Running the Pipeline¶

Starting a pipeline run¶

The Pre-Processing Pipeline can be run from the command line using a CWL runner, e.g., cwltool or toil. Below we describe how the pipeline can be run with these runners.

$ cwltool --no-container $PREPROCESS_ROOT/workflows/pipeline.cwl input.json

$ toil-cwl-runner --no-container $PREPROCESS_ROOT/workflows/pipeline.cwl input.json

where $PREPROCESS_ROOT refers to the location where the CWL files have been installed; this environment variable needs to be set! The pipeline parameters are provided via a JSON file, described at the bottom of this page. Additionally, cwltool and toil come with a number of useful command line arguments, some of which are listed below. Please refer to their respective documentation for a full overview.

Note

Do not forget to add the --no-container option when the dependencies have been installed locally on system. Besides fully running the pipeline in a container (as explained in the next section), this is the only supported way to execute the Pre-Processing Pipeline.

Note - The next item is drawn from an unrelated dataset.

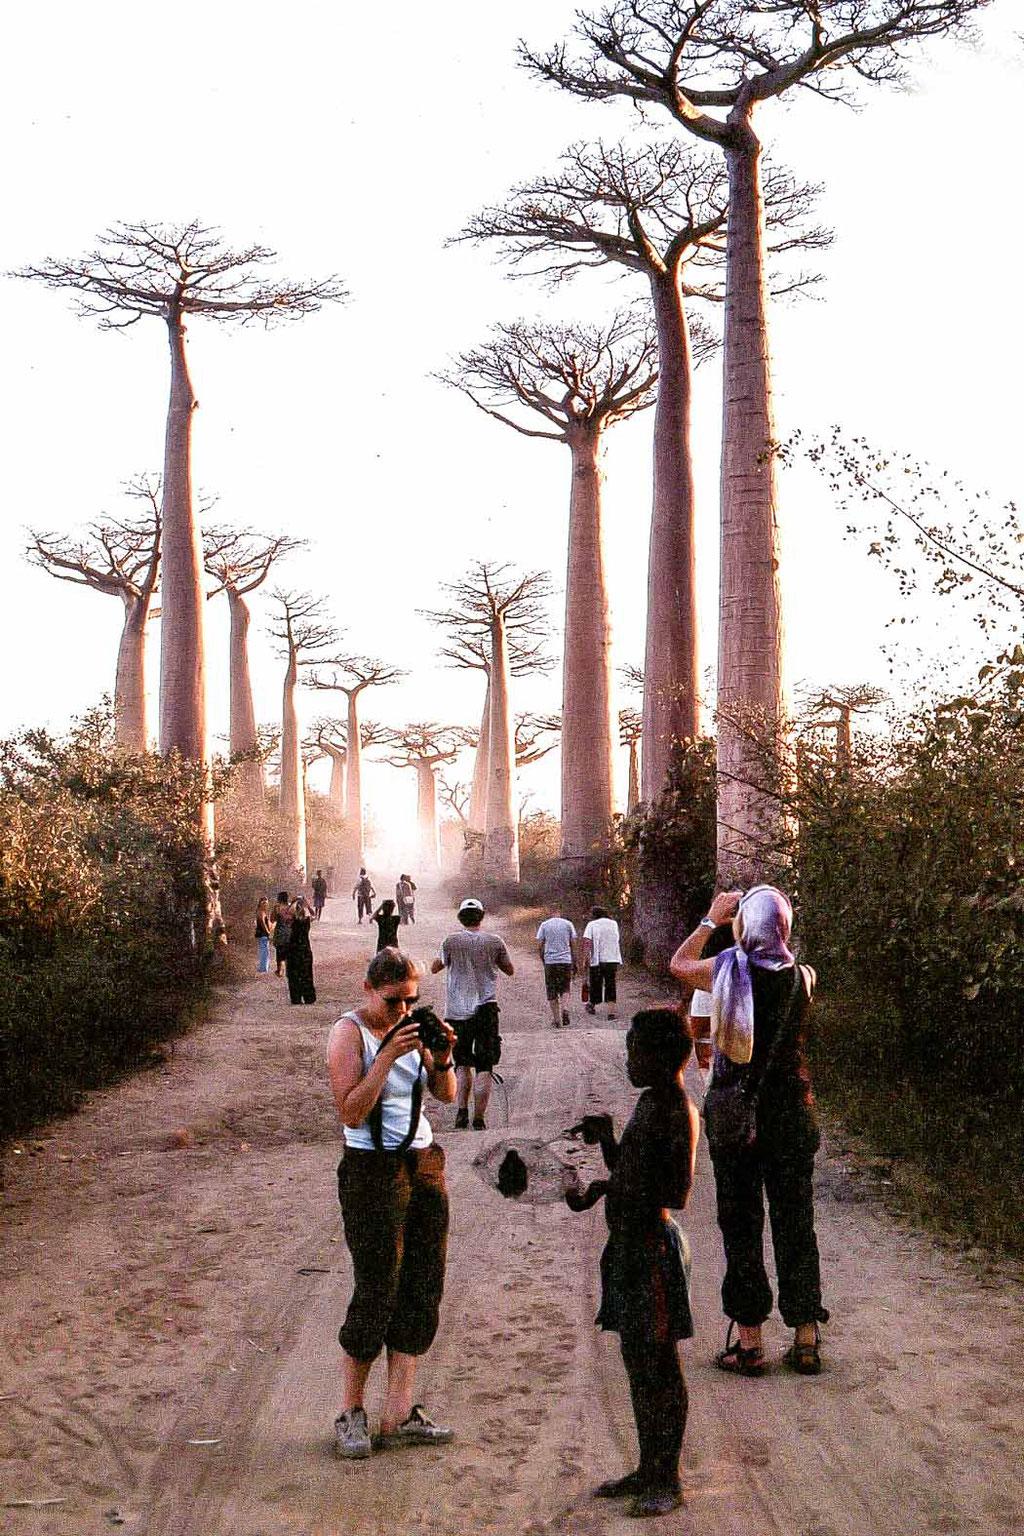 Baobap Allee/alley, bei/near Morondova, Madagaskar
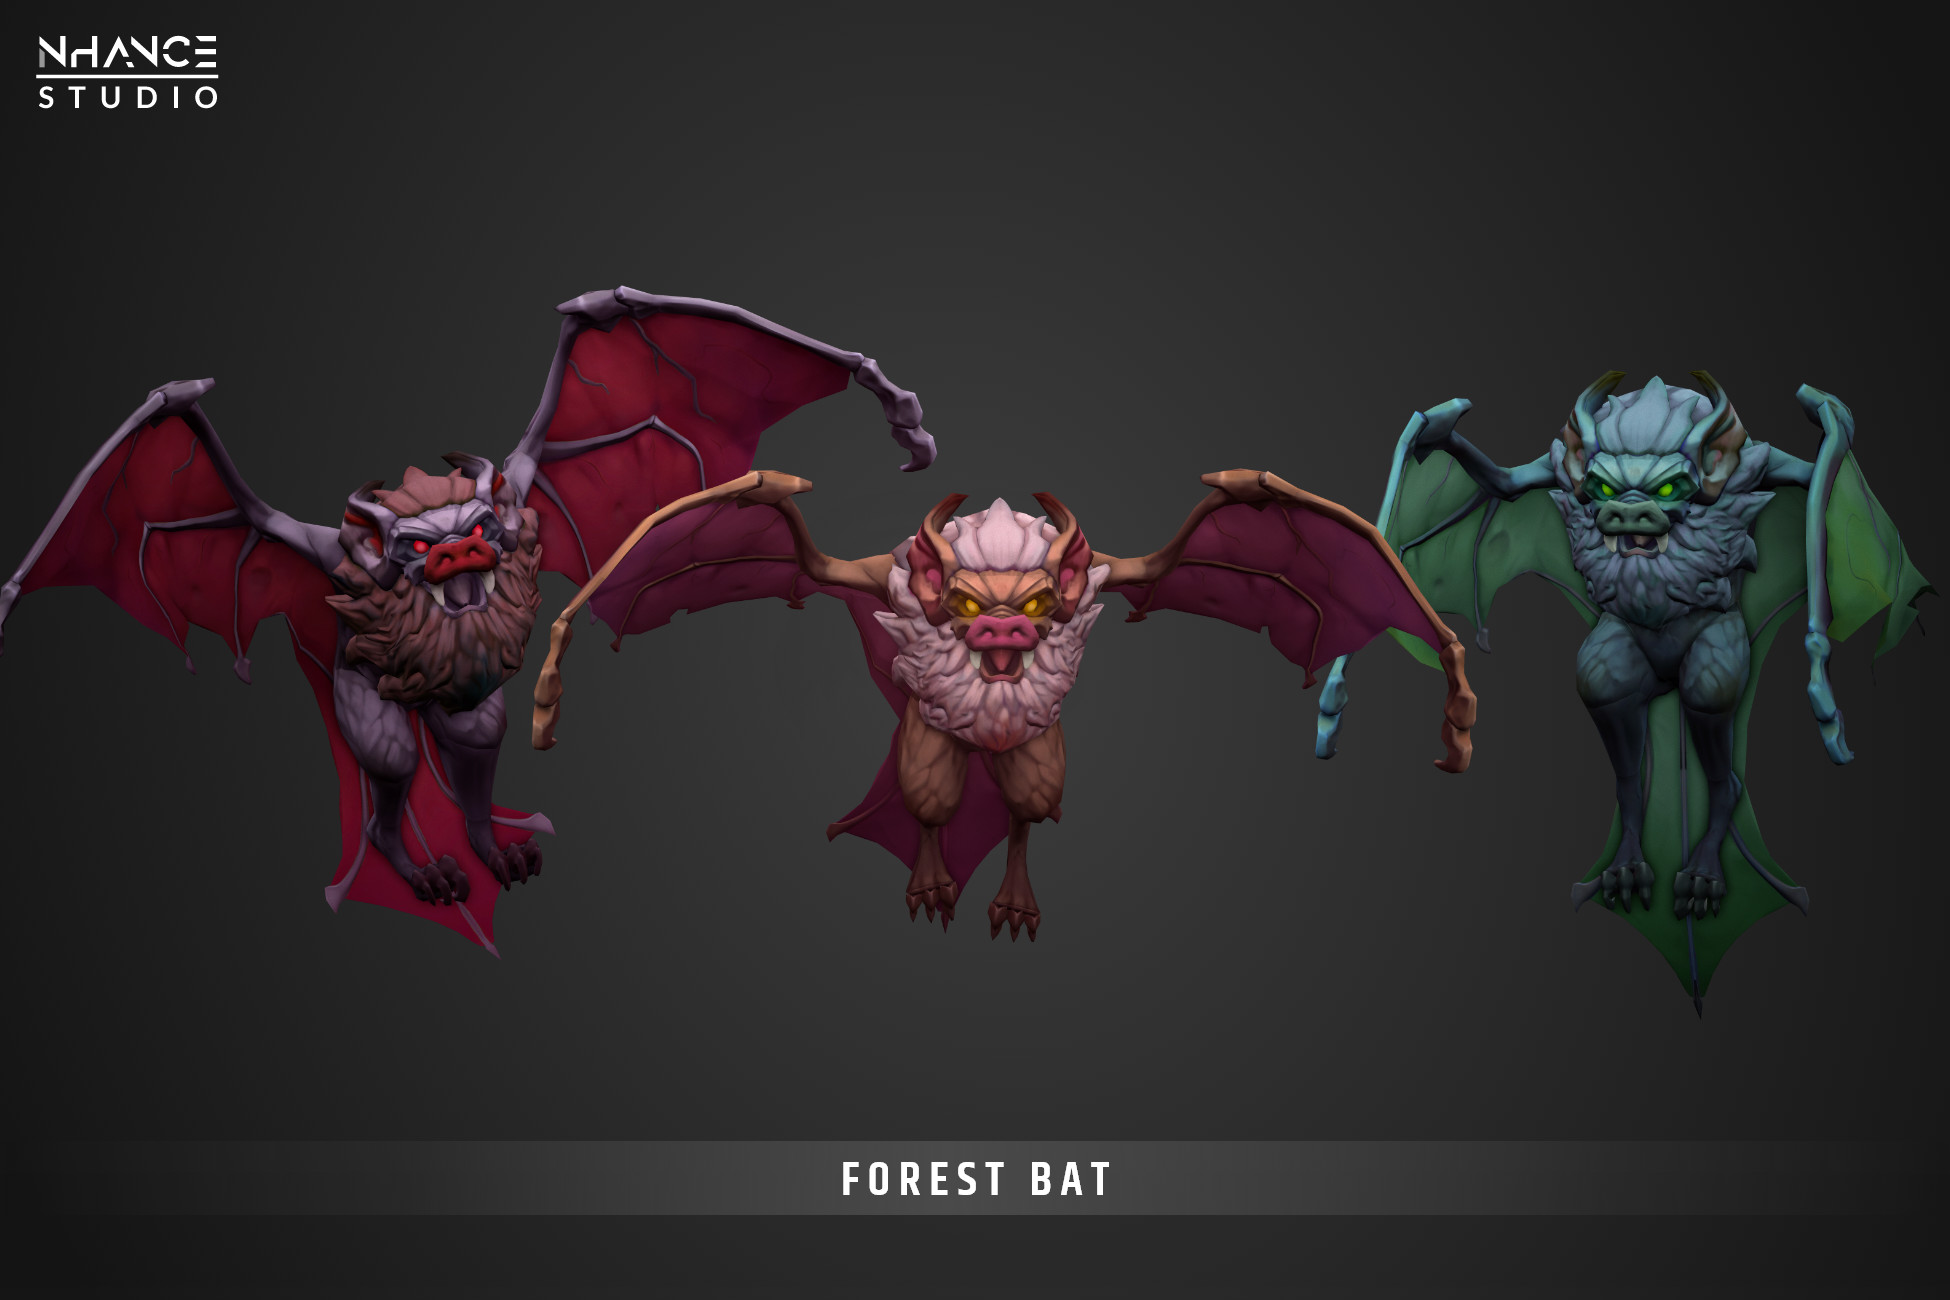 Stylized Fantasy Forest Bat

Starting a run from within a container¶

If you followed the Docker installation instructions on the Downloading and Installation page, you can run the container using Docker as follows:

$ docker run --rm -v <source_directory>:<mount_point> -w <mount_point> preprocess cwltool --preserve-entire-environment --no-container /usr/local/share/prep/workflows/pipeline.cwl input.json

Since the Pre-Processing Pipeline is running inside a container, do not forgot to add the --no-container option to your CWL runner.

`cwltool` options¶

There are a number of command-line options you might want consider adding when running cwltool:

--outdir: specifies the (relative) path to the directory containing the output of the pipeline (make sure to mount this directory when running the pipeline in a container)
--log-dir: specifies the location of the log files produces by the stdout and stderr of a CommandLineTool (make sure to mount this directory when running the pipeline in a container)
--preserve-entire-environment: use your system’s environment variables when manually installing the dependencies (or when running the pipeline inside a container)
--no-container: do not execute jobs in a container (add this when the dependencies have been installed manually or when running fully inside a container)
--singularity: use the Apptainer (previously Singularity) runtime for running containers instead of Docker
--debug: more verbose output, useful when debugging

Make sure to mount the output and log directories, specified by --outdir and --log-dir, when running the pipeline inside a container to ensure the files are not lost after execution.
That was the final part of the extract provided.